Not just any worm is up to vermicomposting. Eisenia fetida, or “red wigglers,” are best suited for it due to their voracious appetite and fast reproduction. A well-maintained population will eat at least half its weight in organic matter each day, and double in population every three to four months (there are roughly 1,200 worms per pound). That means my new pound of worms will eat one-half pound of kitchen scraps today and a pound a day by summer. (And when I have enough worms, I’ll share some with friends.)
Worms should be kept indoors in a plastic tote, a wooden box or a cooler lined with shredded newspaper. They eat pretty much anything that originally came out of the ground, including fruit and vegetable scraps, tea bags, coffee filters, yard waste, pasta, bread, paper and cardboard (the smaller the pieces, the faster they disappear). But don’t feed them meat, bones, oils and fats, or too much acidic food like vinegar and citrus fruits.
“The mite population explodes if you have too much fruit in there,” explains Nancy Dudek, a devout vermicomposter who keeps a worm bin in her kitchen and teaches -vermicomposting workshops for Eco-Cycle.
Worms Gone Wild!
Worms don’t work alone, Anderson says. An army of tiny bacteria, fungi and protozoa breaks the food down into tiny pieces before the toothless worms can digest it in their gizzards, so don’t be alarmed to find other creepy-crawlies or even a little fuzz growing in your bin from time to time.

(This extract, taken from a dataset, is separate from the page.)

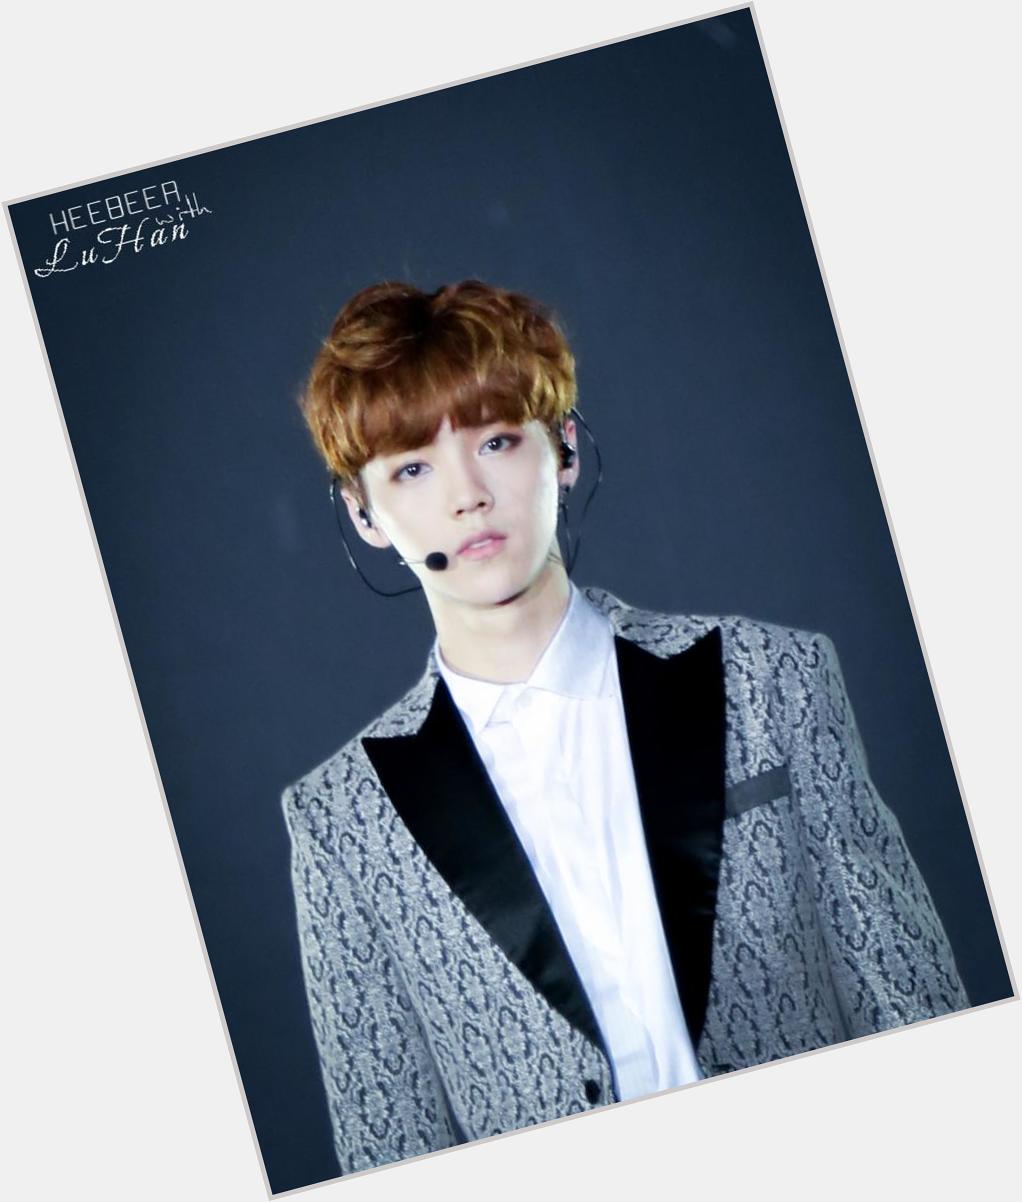 The one who has the most fangirls,
happy 25th birthday to our lu han

“What comes out the end of a worm is 90 percent bacteria and fungi,” Anderson says, “which exude all the growth hormones and regulators that make for healthy soil.” Some research has shown that greenhouse growers who use worm castings (essentially compost with the look and consistency of chocolate cake crumbs) grow stronger plants with less disease and a longer shelf life. “It’s probably one of the best things you can put on your plants,” Anderson says.
You’ll need to harvest castings every three to four months, and add fresh bedding to the bin. To obtain castings, remove all the food remnants and don’t feed the worms for a few days. Then move all of the bin’s contents to one side and add fresh bedding to the empty side. Moisten the bedding, add a few cups of garden soil and eggshells, and bury some food scraps in it. Gradually, the hungry worms will move to the bedding side where the food is. Keep applying food only to the new bedding and, after a month, remove castings from the now-deserted side (minus the paper scraps) to spade into your garden soil. Wear gloves, as you’ll certainly find a few stray worms in the castings compost.
Both Anderson and Dudek have seen a marked increase in vermicomposting. “My workshops are just swamped. I’ve never had a response like this,” says Dudek, who instructs teachers in the Boulder Valley and Saint Vrain school districts on how to set up classroom worm bins and also offers school-based workshops for families.
Because an estimated third of household trash is kitchen waste, vermicomposting appeals to those who want to go beyond recycling in their effort to live sustainably. Plus, it’s a fun family activity. “Kids are so into worms,” Dudek says.
Anderson has set up worm bins on horse farms (where the worms speed up manure decay), at soup kitchens and in schools across the Front Range. He also collects thousands of pounds of scraps from local restaurants and grocery stores to feed to the writhing red wigglers that inhabit the five, 40-foot-long beds on his farm near Fort Collins. When they reproduce, he sells the babies (often meeting with clients like me at an agreed-upon location). When his worms relieve themselves, he sells that, too.
“People need to stop paying someone else to move their garbage around,” Anderson says. “It can be their power if they just stop giving it away.”